[Start of Attachment]

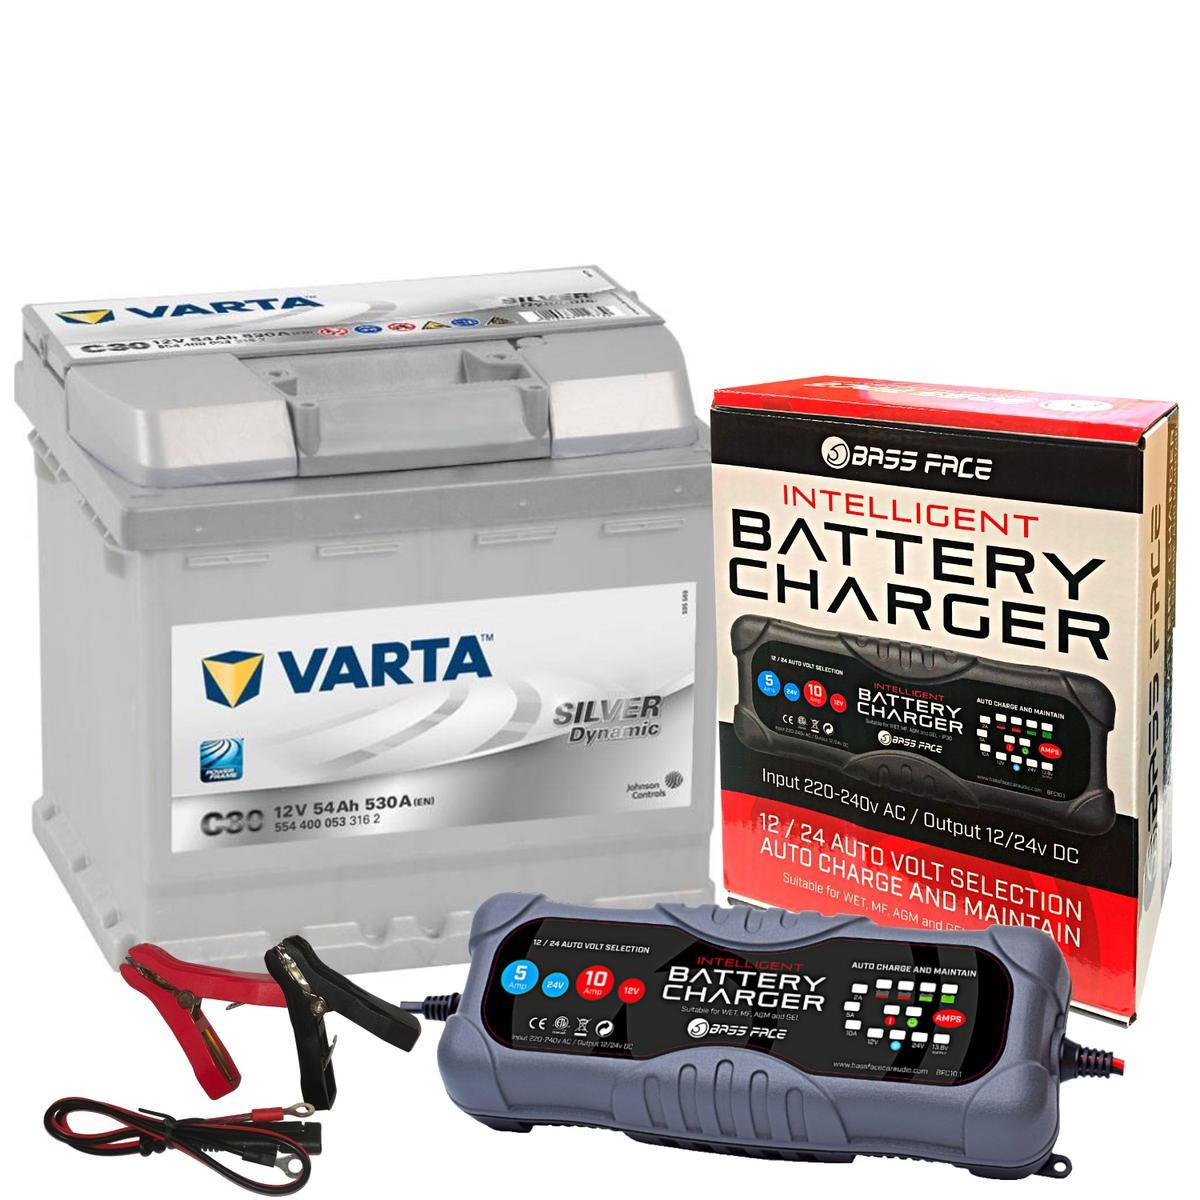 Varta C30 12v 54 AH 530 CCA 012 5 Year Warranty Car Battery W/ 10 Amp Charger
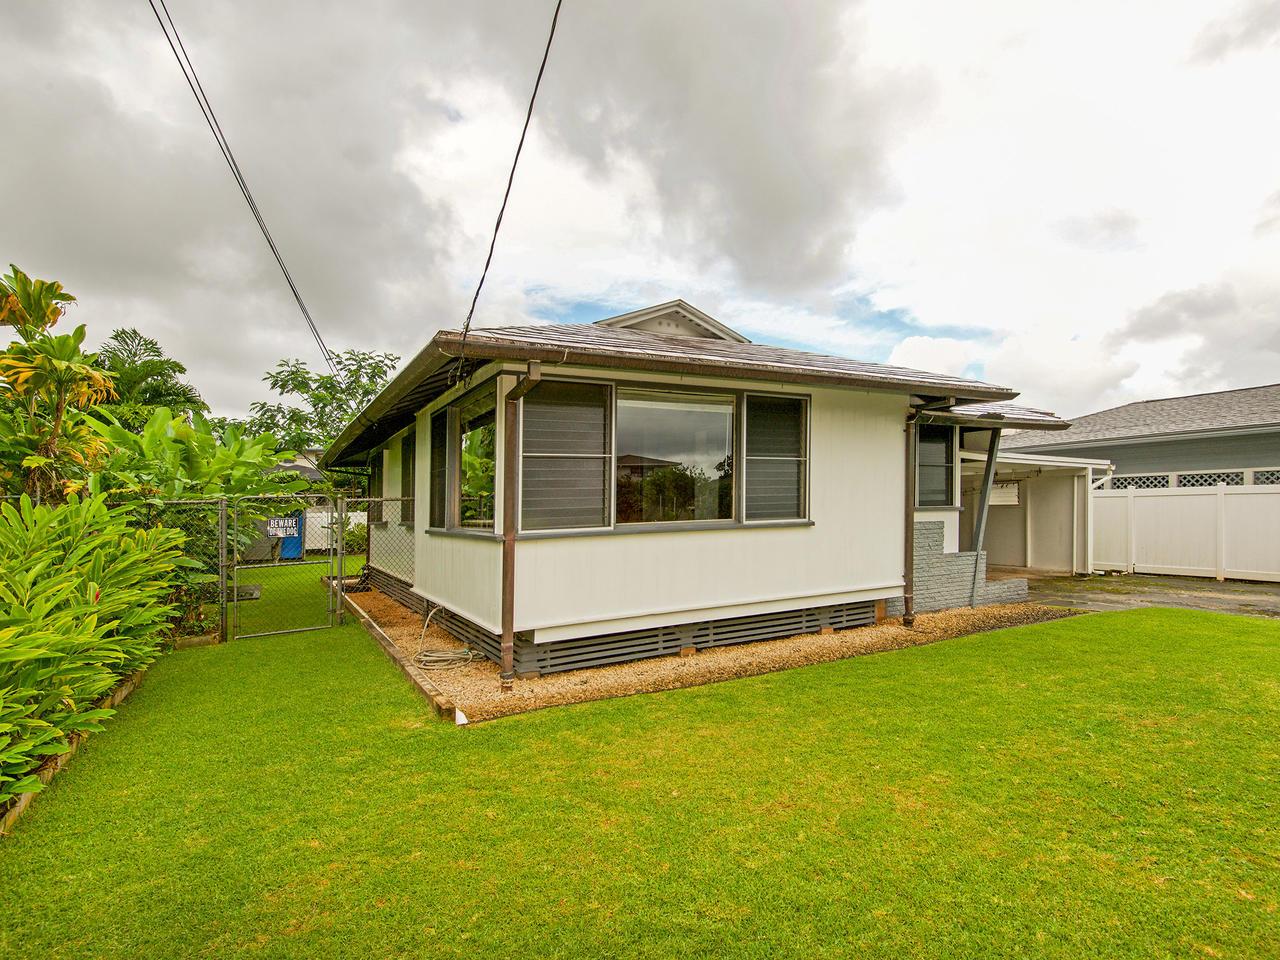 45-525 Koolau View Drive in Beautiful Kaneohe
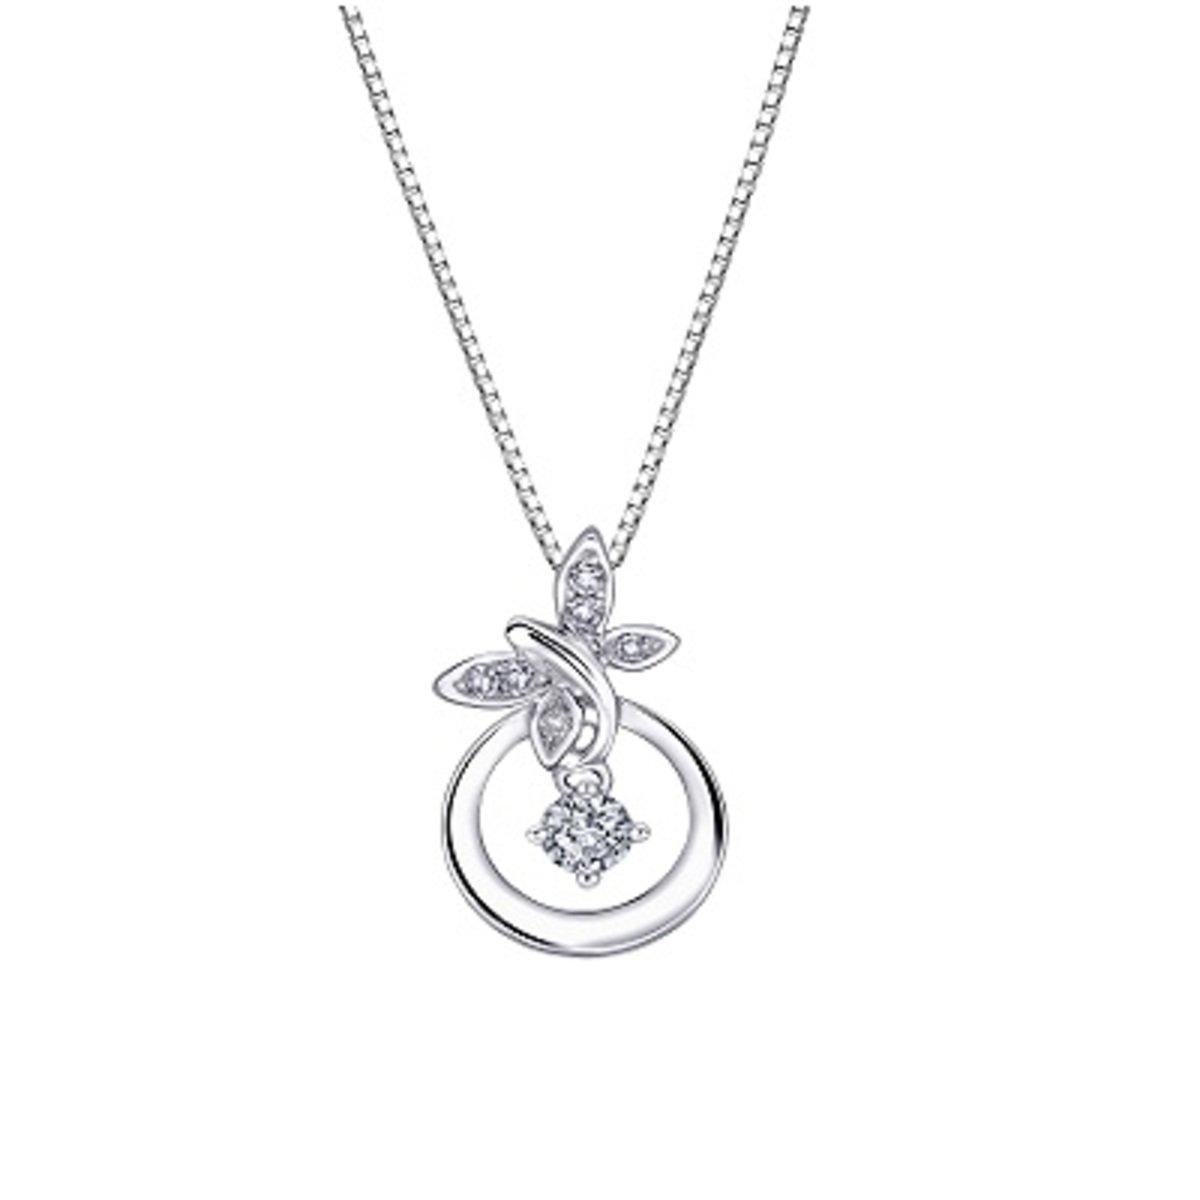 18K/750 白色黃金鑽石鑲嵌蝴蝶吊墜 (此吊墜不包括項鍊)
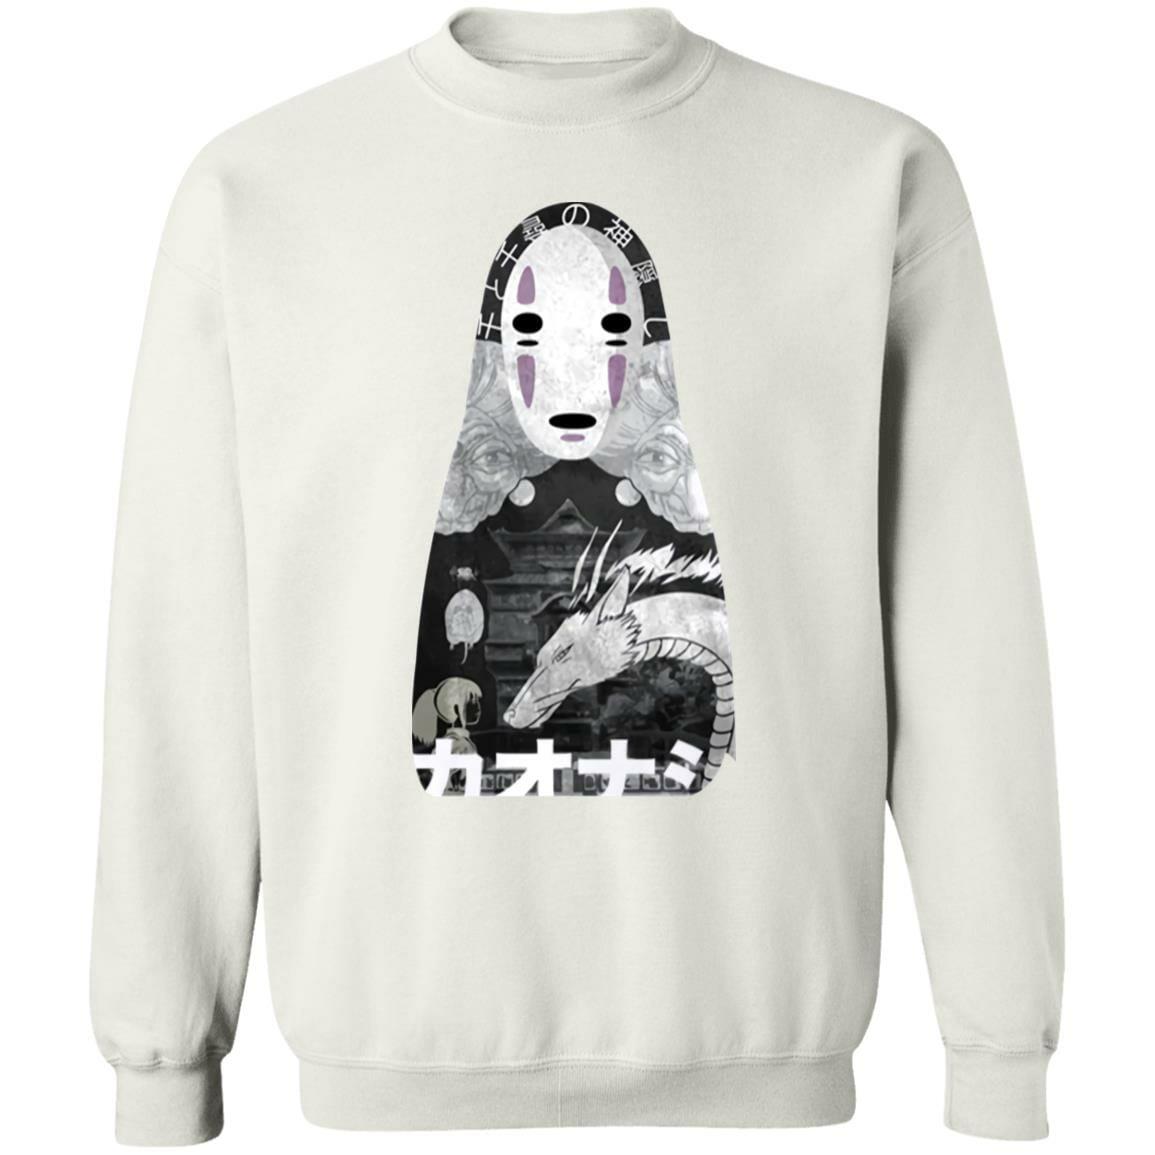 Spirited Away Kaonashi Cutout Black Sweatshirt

[End of Attachment]

* _Work task_
Return all the data exactly, and keep the pictures out.

* _Response_
 Varta C30 12v 54 AH 530 CCA 012 5 Year Warranty Car Battery W/ 10 Amp Charger
 45-525 Koolau View Drive in Beautiful Kaneohe
 18K/750 白色黃金鑽石鑲嵌蝴蝶吊墜 (此吊墜不包括項鍊)
 Spirited Away Kaonashi Cutout Black Sweatshirt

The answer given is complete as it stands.